The event will also honor Boston sports icon Tony Conigliaro.
tony conigliaro
Party in honor of Tony Conigliaro. Photo Provided

These days, Red Sox Nation is used to playoff runs and World Series wins. But that wasn’t always the case.

This year marks the 50th anniversary of the team’s remarkable “Impossible Dream,” which saw Boston come back to win the American League pennant in the very last game of 1967 season. While the Red Sox ended up losing to the Cardinals in the World Series, it was a helluva run for the squad, which put together its first winning season since 1958 that year and also made it to the championship for the first time since 1946.

In honor of the unforgettable season, the family of Boston sports icon Tony Conigliaro, the Red Sox and the Farrelly Brothers are teaming up to host a massive celebration at Tony C’s Sports Bar & Grill on Thursday night. The evening will include a comedy show headlined by Steve Sweeney and Lenny Clarke, music by blues artist James Montgomery, as well as a VIP reception with several yet-to-be-named local stars and Red Sox legends like Rico Petrocelli, Luis Tiant and Bill “Spaceman” Lee.

“People that go to this thing are going to be shocked,” says Richie Conigliaro, brother of the late Tony C. “I know there’s people that are going to show up there that I don’t even expect and I’m going to be in awe of them.”

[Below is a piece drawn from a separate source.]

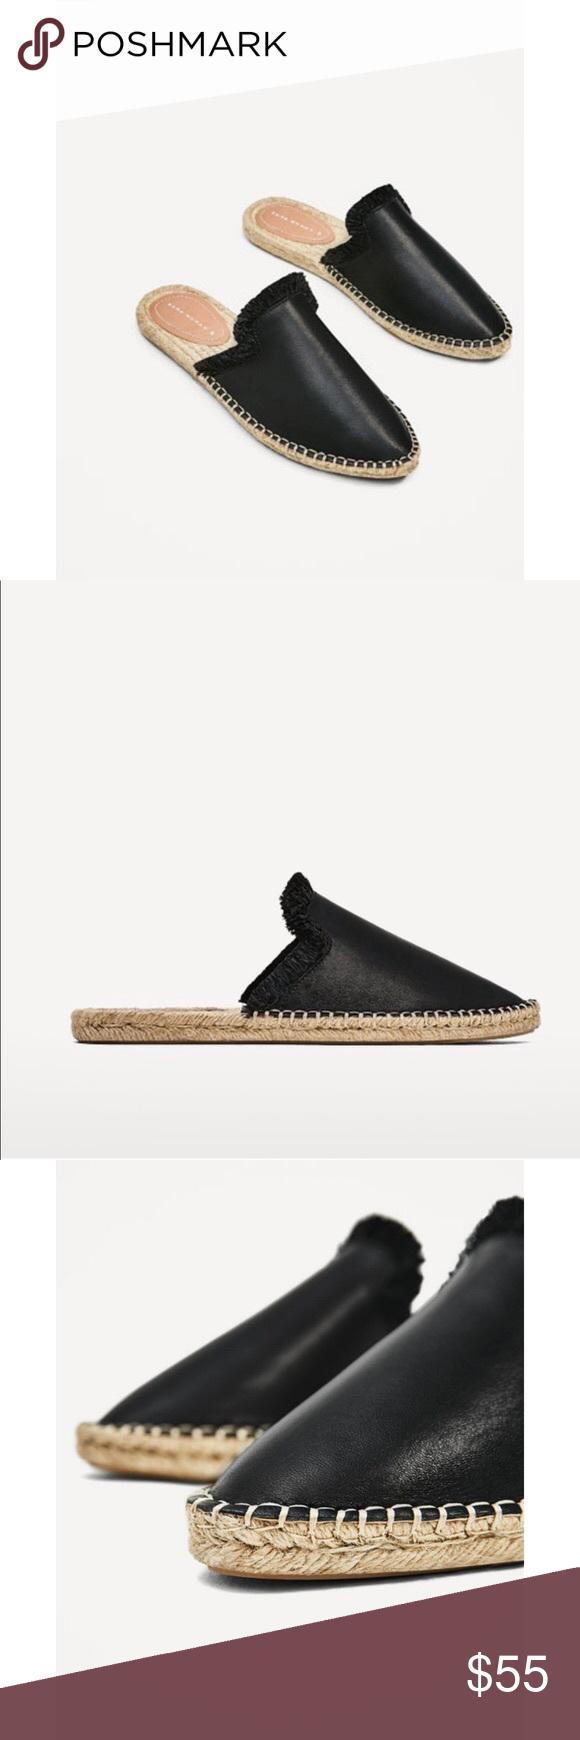 NWT Zara Black Leather Espadrille Mules
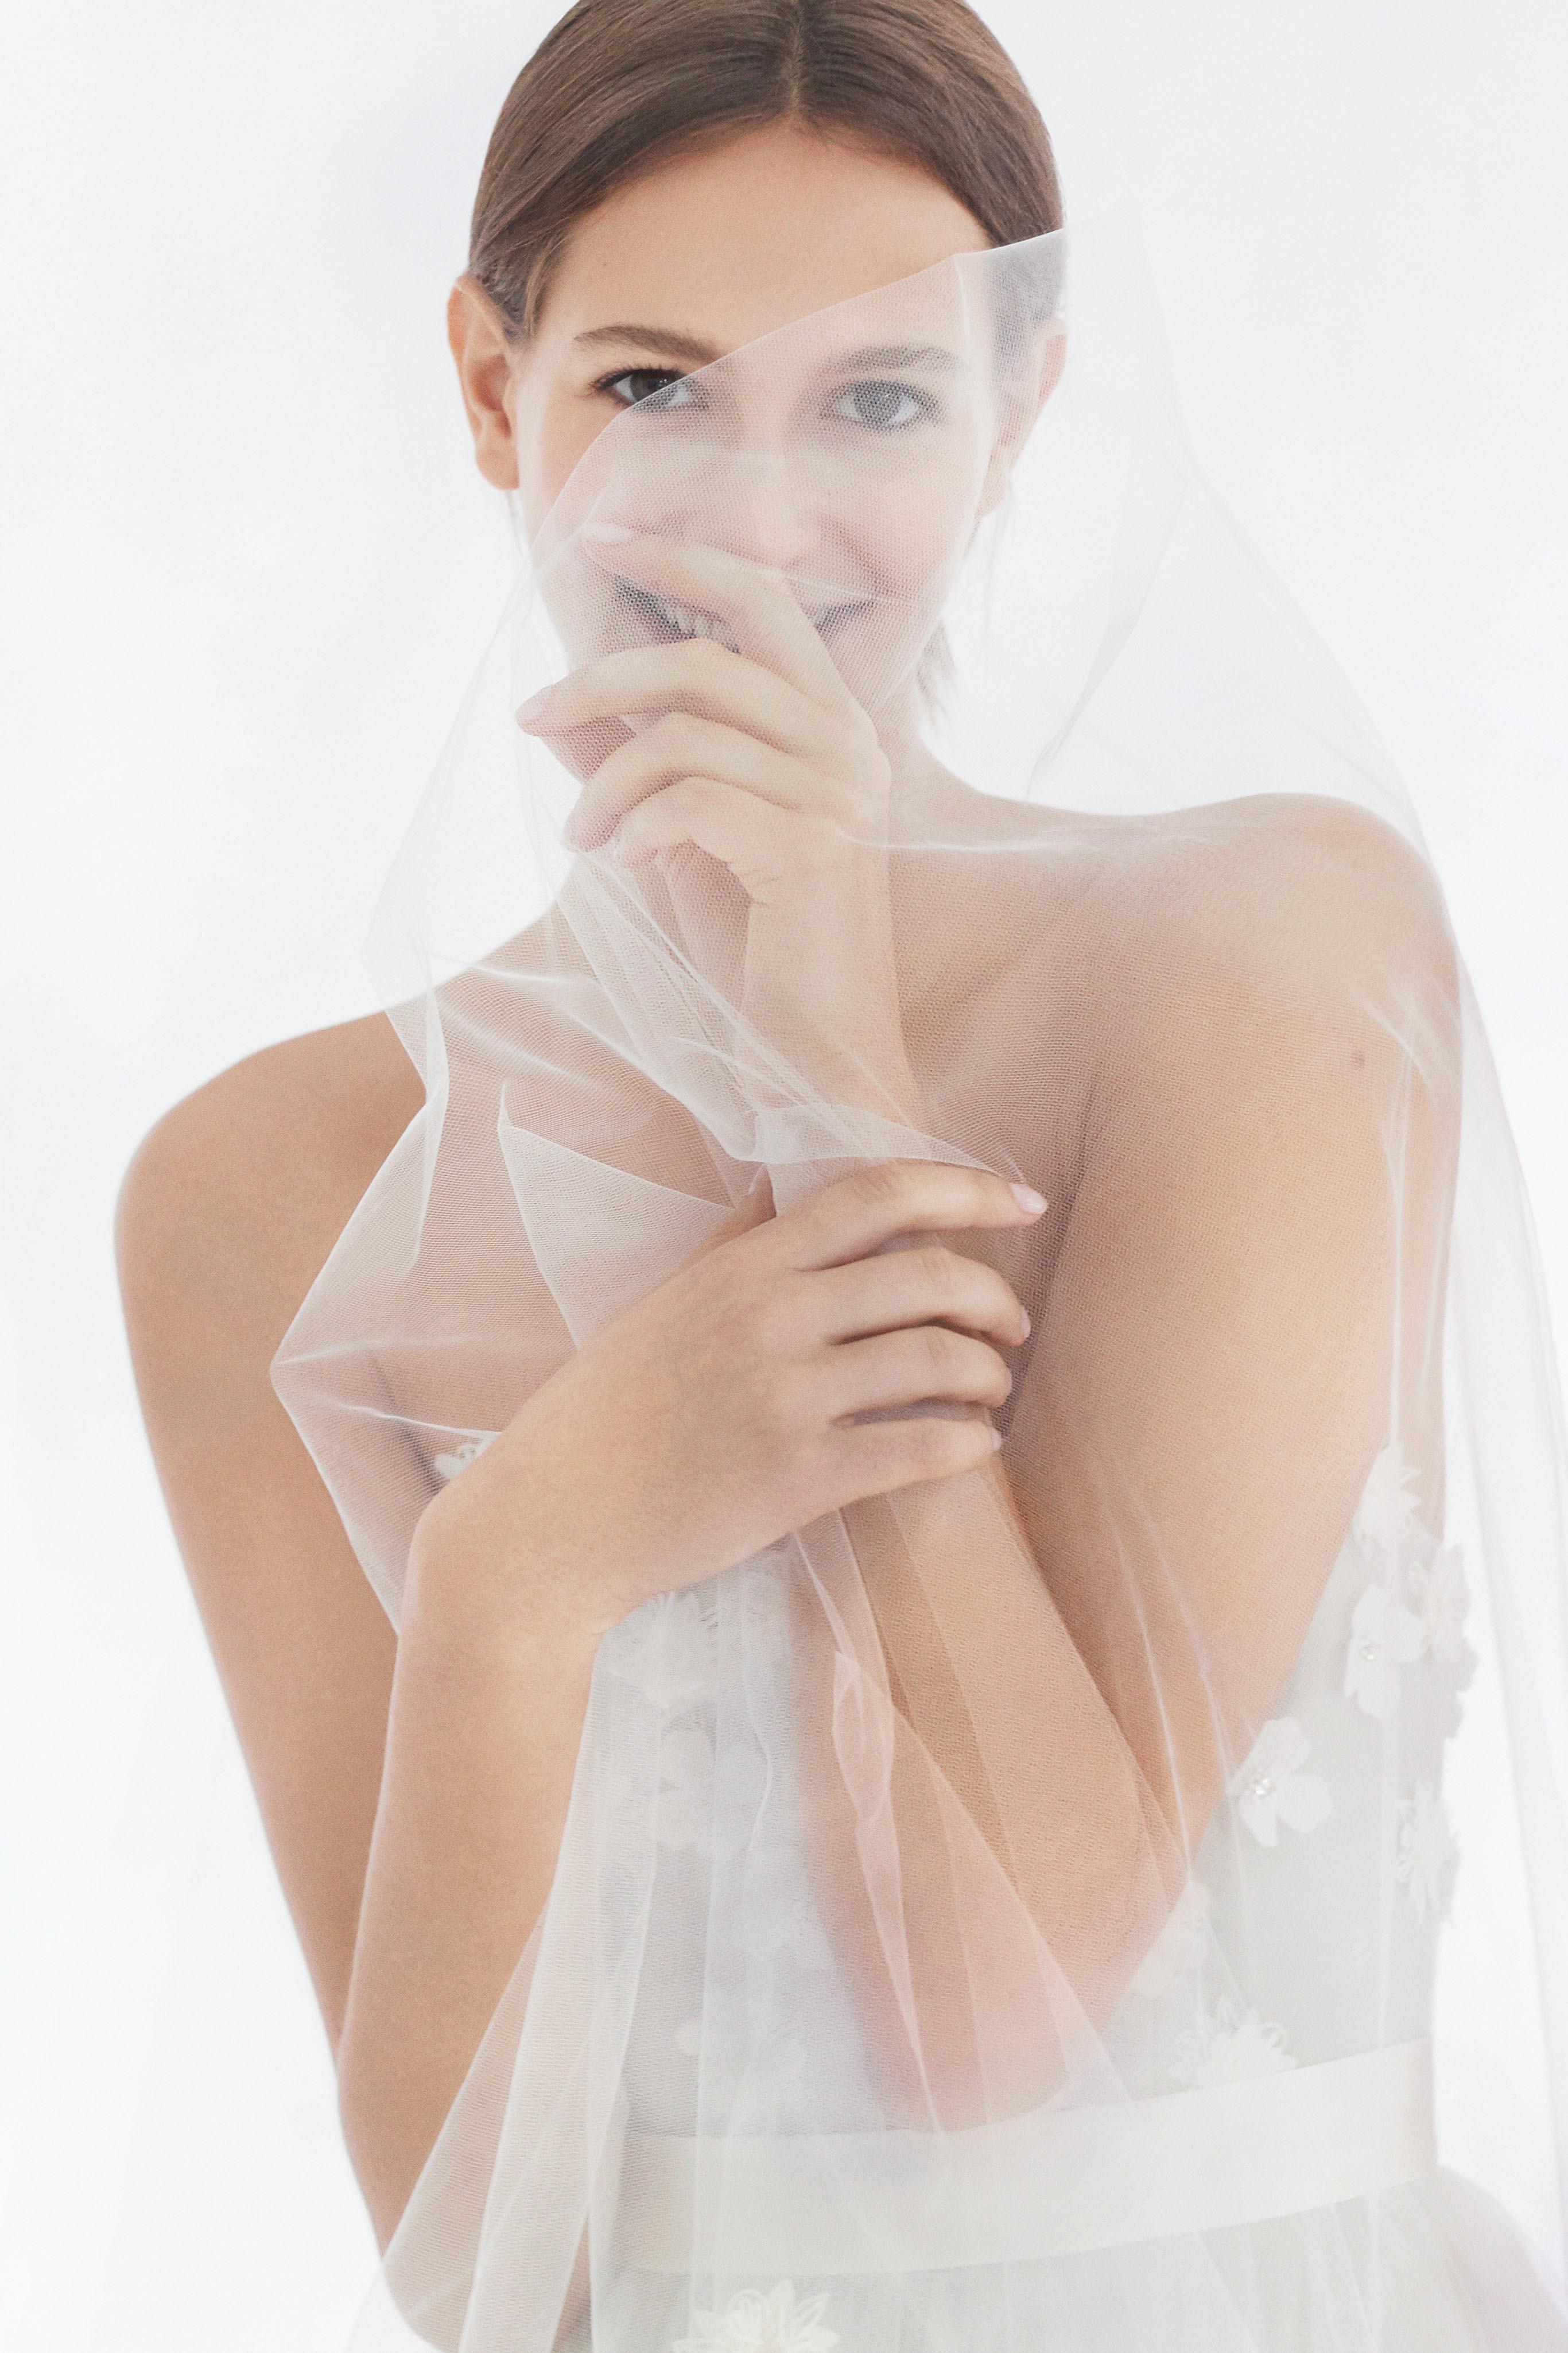 carolina herrera wedding dress fall 2018 tulle close up flower details

Richie adds that a few players in pinstripes are also expected to attend when the Yankees come to town for a weekend series at Fenway Park.

“I’m working on getting a few Yankees there,” he says. “I know some Red Sox fans won’t like it. But it’s going to make it interesting.”

While the event is shaping up to be a fun night, it will be a bittersweet celebration for the Conigliaro family.

The 1967 season was a brutal one for Tony C, who was hit by a pitch on Aug. 18 at Fenway Park, fracturing his cheekbone, dislocating his jaw and injuring his left retina. The Massachusetts native was forced to sit out the rest of the year and was never the same player following the incident.

“It is bittersweet because he was only 22,” Richie says. “He never got to play in a playoff game, never mind the World Series. But what’s meant to be is meant to be.”

Although Tony C’s career was cut short, he racked up a ton of accolades in his short baseball career. He was selected to play in the 1967 All-Star Game months before the infamous beaning, and was able to earn Comeback Player of the Year honors a year and a half later with an incredible 20 homers and 82 RBI in just 141 games.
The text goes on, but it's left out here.